Luckily, there are many tools that can give you access to your PDF data, including free software. You may have someone on your staff who can write a script to scrape the data you need. But if you have regular, repeated business processes that involve scraping data from unstructured sources like PDFs, email, or websites, here’s why it’s worth the investment in a more sophisticated business process automation (BPA) solution.
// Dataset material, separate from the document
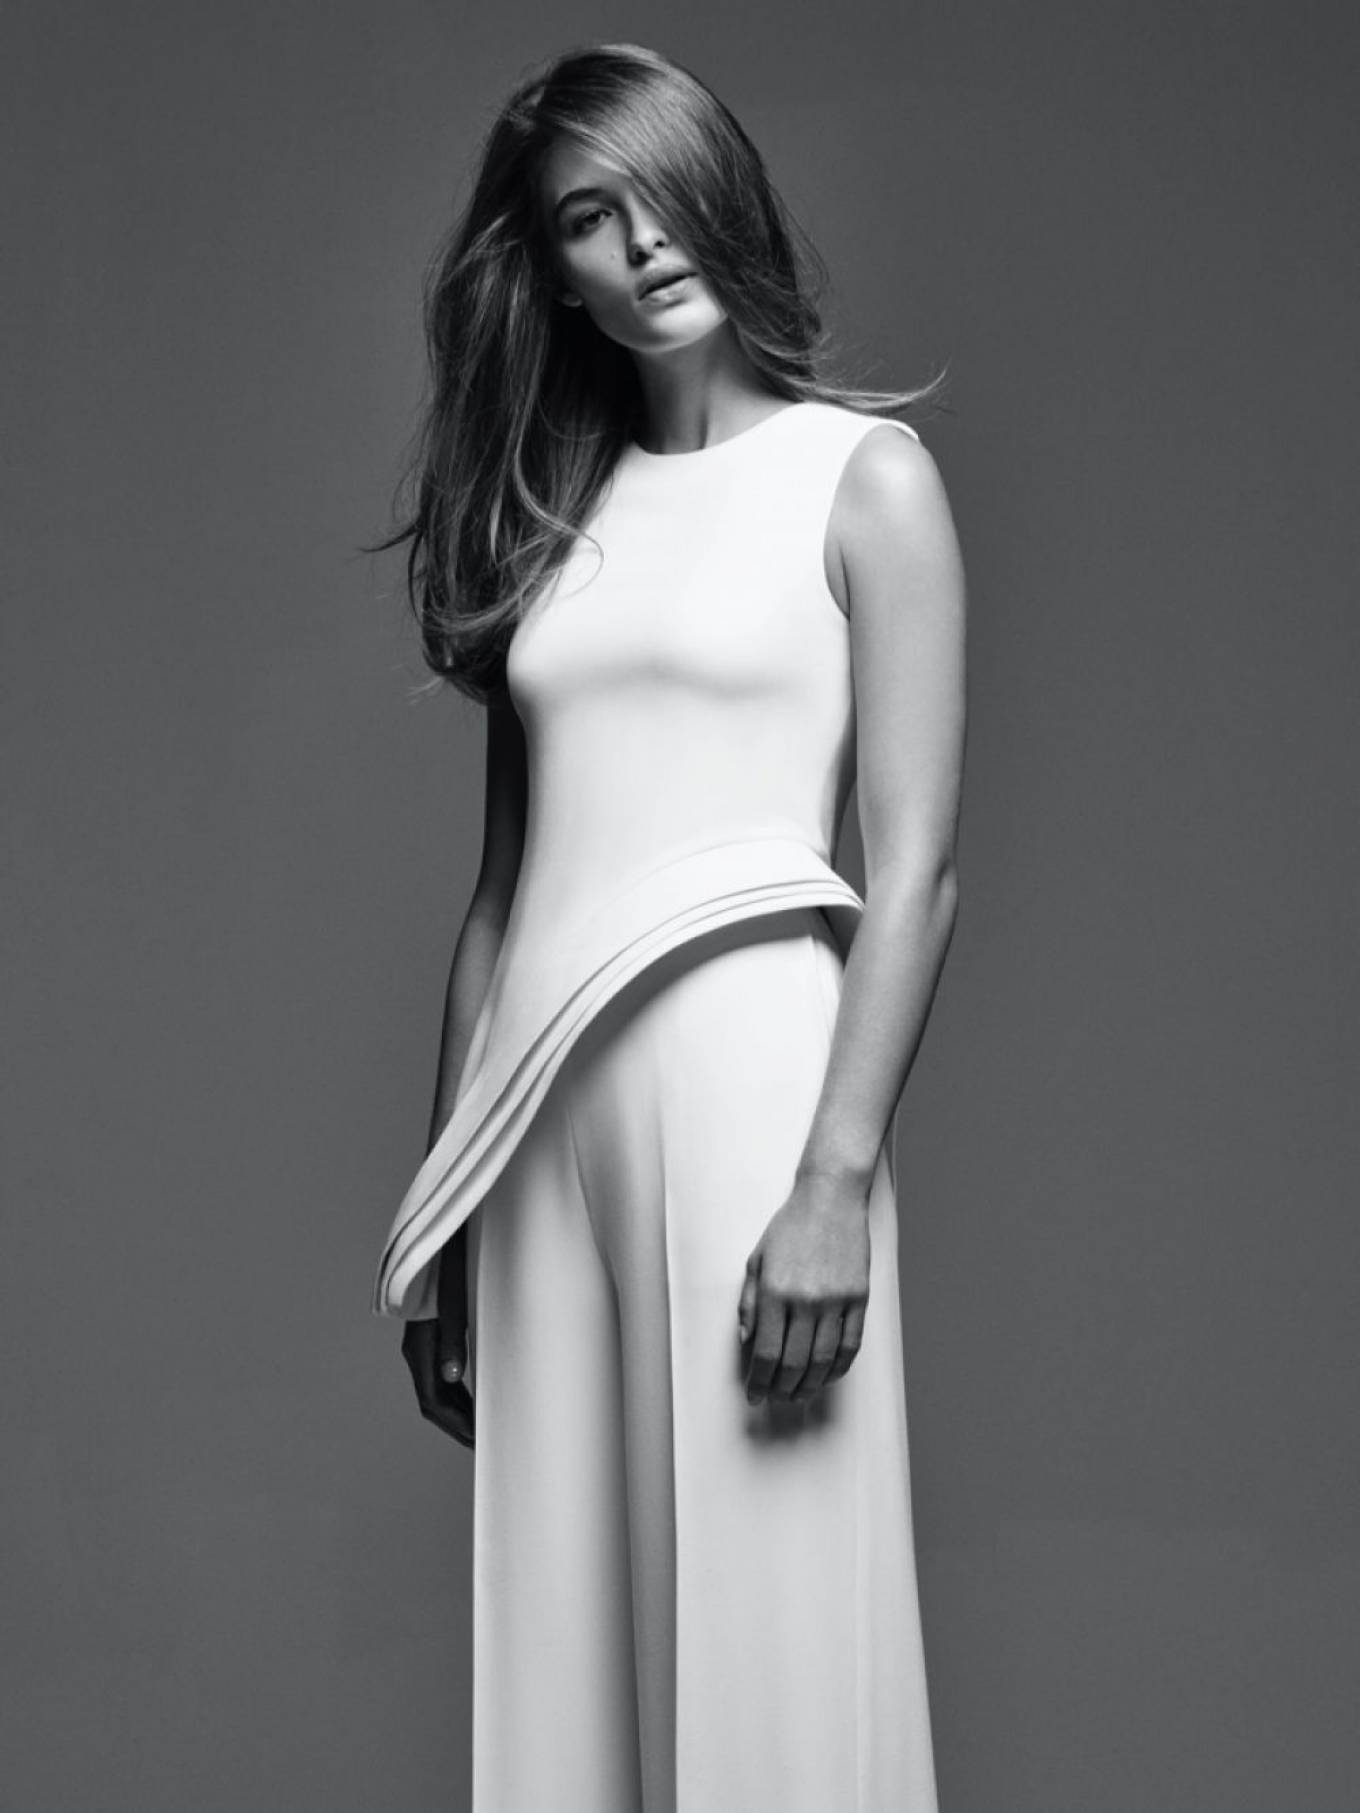 Grace Elizabeth - Photoshoot For Brandon Maxwell 2020
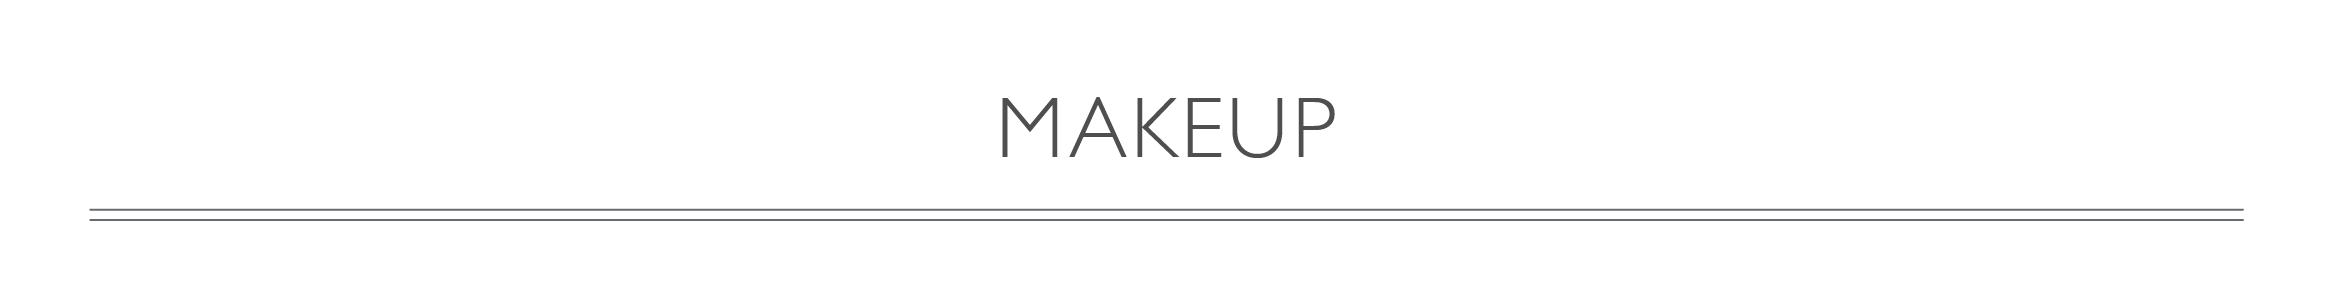 spa_vs_banner_makeup.png

One Solution for All Your Data Extraction

While extracting data from PDFs is a common frustration, data can also be rendered inaccessible if it is behind a CAPTCHA on a website, on a legacy system, or written into an email. Writing individual scripts for each scenario uses valuable resources and can be risky for your business. The right business process automation software will be able to deal with these scenarios and more with no additional investment.

Do More with Your PDFs

So far we haven’t had many nice things to say about PDFs in this article. But maybe a PDF document is exactly what your business needs. This independent academic press used business process automation software to help convert rare texts to electronic format. The texts were first scanned into TIFF files, one file per page, and then converted into a single PDF with the help of BPA software. A good business process automation solution can convert files to and from PDF format, compress, encrypt, split, merge, or split PDFs. It can also interface with other tools you may be using to manipulate your documents.

Integrate PDF Actions with Your other Business Workflows

When your business needs to save time and resources by eliminating manual workloads, you will maximize efficiency by automating business processes over individual tasks. For example, perhaps you receive data in the format of PDF email attachments. The data needs to go into your ERP system.  We’ve already covered how you can use a business process automation tool to scrape data from the documents and write it into a report. That still leaves you to download the PDF attachments, run your script or free tool, and load the data into your ERP.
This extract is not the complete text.